También premiaron a Noah Baumbach por su estupendo guion de Marriage Story. (Me hice íntimo de Noah y de su mujer Greta Gerwig y quedamos en vernos cada vez que vaya a Nueva York). Y a Dolor y Gloria como Mejor Película Extranjera.

Antes de que entregaran los premios vino a saludarme a mi mesa Annette Benning, radiante, junto a su marido Warren Beatty, también radiante a sus 83 años. Nos felicitamos mutuamente y Annette me dijo que había pedido los derechos de Manual para mujeres de la limpieza de Lucia Berlin y le habían dicho que ya los tenía yo. Hablamos del libro -también lo recomiendo vivamente para esta cuarentena, el tiempo se estanca cuando uno lee los relatos de Lucia Berlin- y yo le dije que ella desde luego sería una opción ideal para cuando el personaje es mayor. Podía decirlo porque todos los premiados ya habíamos cumplido los 50. Fui el primer galardonado porque los organizadores sabían que tenía otro bolo después, la entrega de los Premios de los Críticos de Los Ángeles que, aunque eran menos formales, ya estaban emborrachándose en el cóctel previo a la entrega.
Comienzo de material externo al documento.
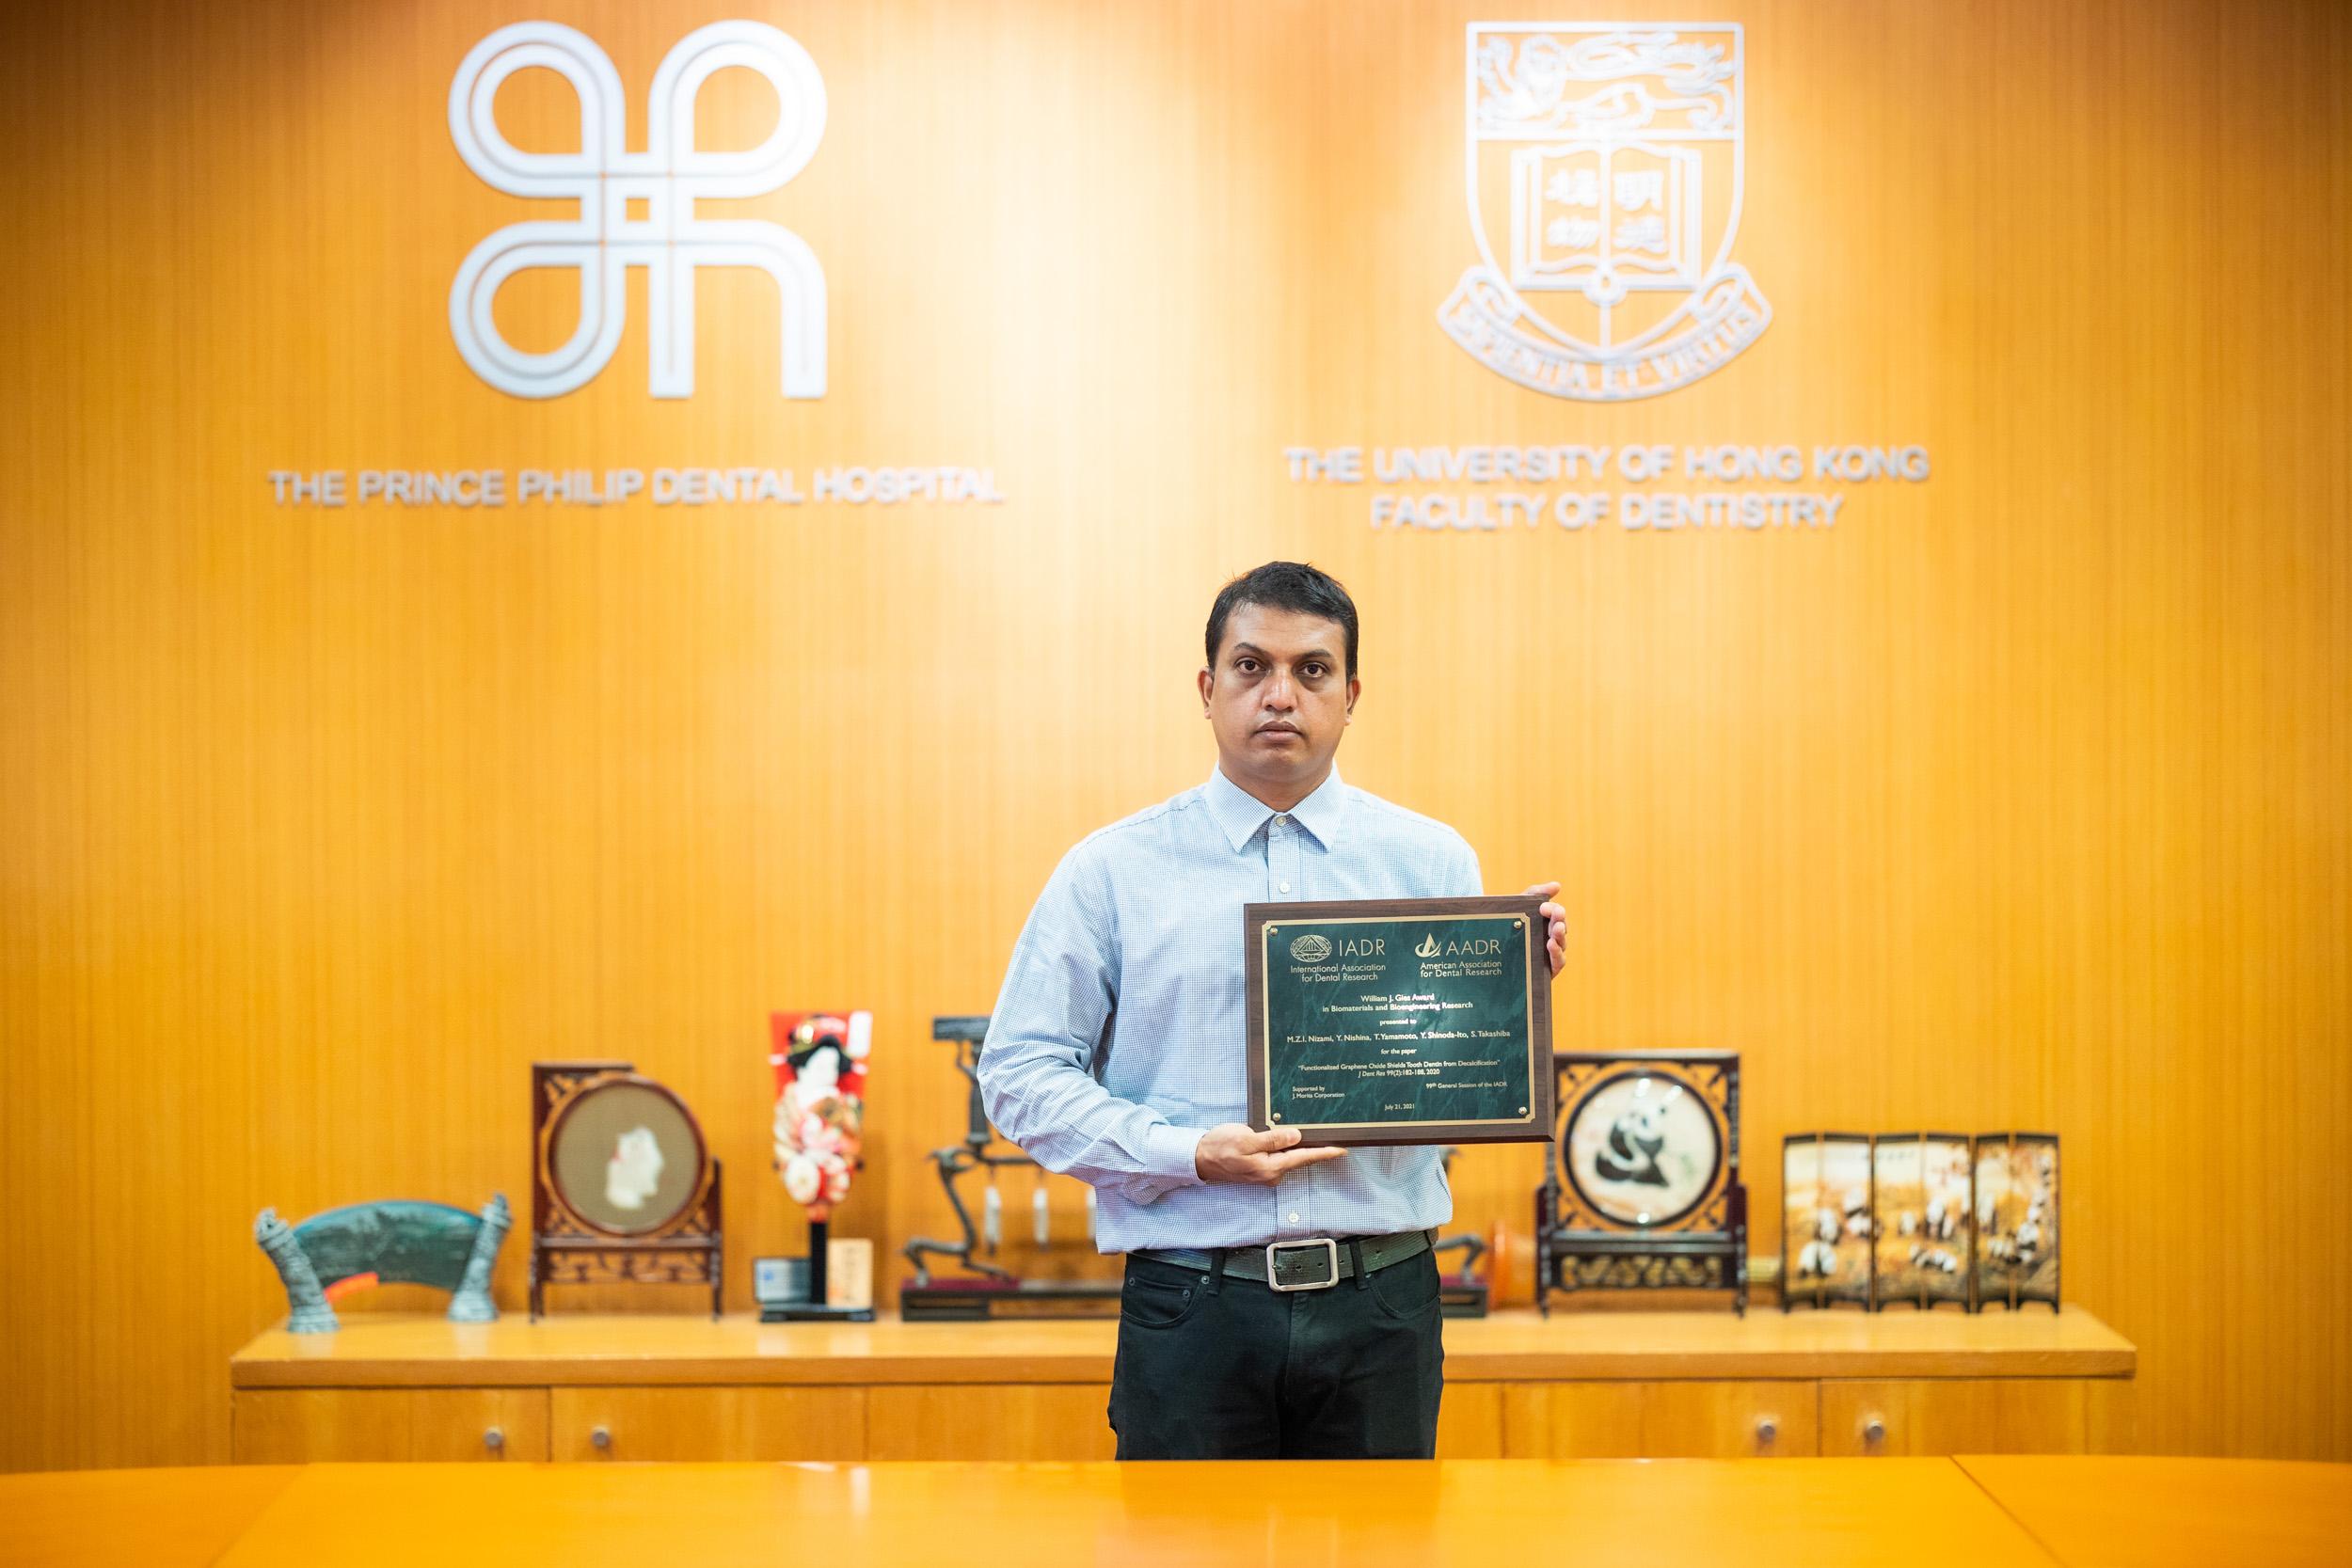 Mohammed Zehedul Islam Nizami 博士 - 香港大学牙科学院成员荣获国际牙科研究协会 (IADR) 颁发的著名奖项

En mi agradecimiento del premio mencioné a Warren, no le dije lo del despertar de mi sexualidad de milagro. Pero sí mencioné muy contento que por fin le tenía en una película mía (recordad las imágenes de Natalie Wood y Beatty en el monólogo de Asier Etxeandia).

Con el mismo traje y los mismos deseos de agradar y ser agradado me planté en el Hotel Intercontinental, donde los críticos celebraban sus prestigiosísimos premios y daban una lección de lo que debería haber ocurrido este año. Mejor Película para Parásitos; Mejor Actor, Antonio Banderas y Mejor Película Internacional, Dolor y Gloria.

Pero a lo que iba. Salí por primera vez a la calle después de 17 días de confinamiento absoluto. No quería perderme la sensación que experimenté, y la razón era real, comprar comida en una especie de ultramarinos que hay en el barrio. La sensación era rara, pero de una enorme paz, un silencio y un vacío muy gratos. No estaba pensando en ese momento en los muertos y los infectados, me sentía ante una imagen inédita de Madrid y una situación igualmente insólita a la que todavía no sé cómo calificar. Prefiero no pensar en las víctimas (esto no es del todo cierto, trato de ayudar dentro de mis posibilidades). Todos conocemos las terribles cifras y yo he escrito esta especie de díptico justamente para olvidarme de ello, es una forma de huida hacia delante. Si me detengo ante la realidad creo que caeré fulminado. Y no quiero.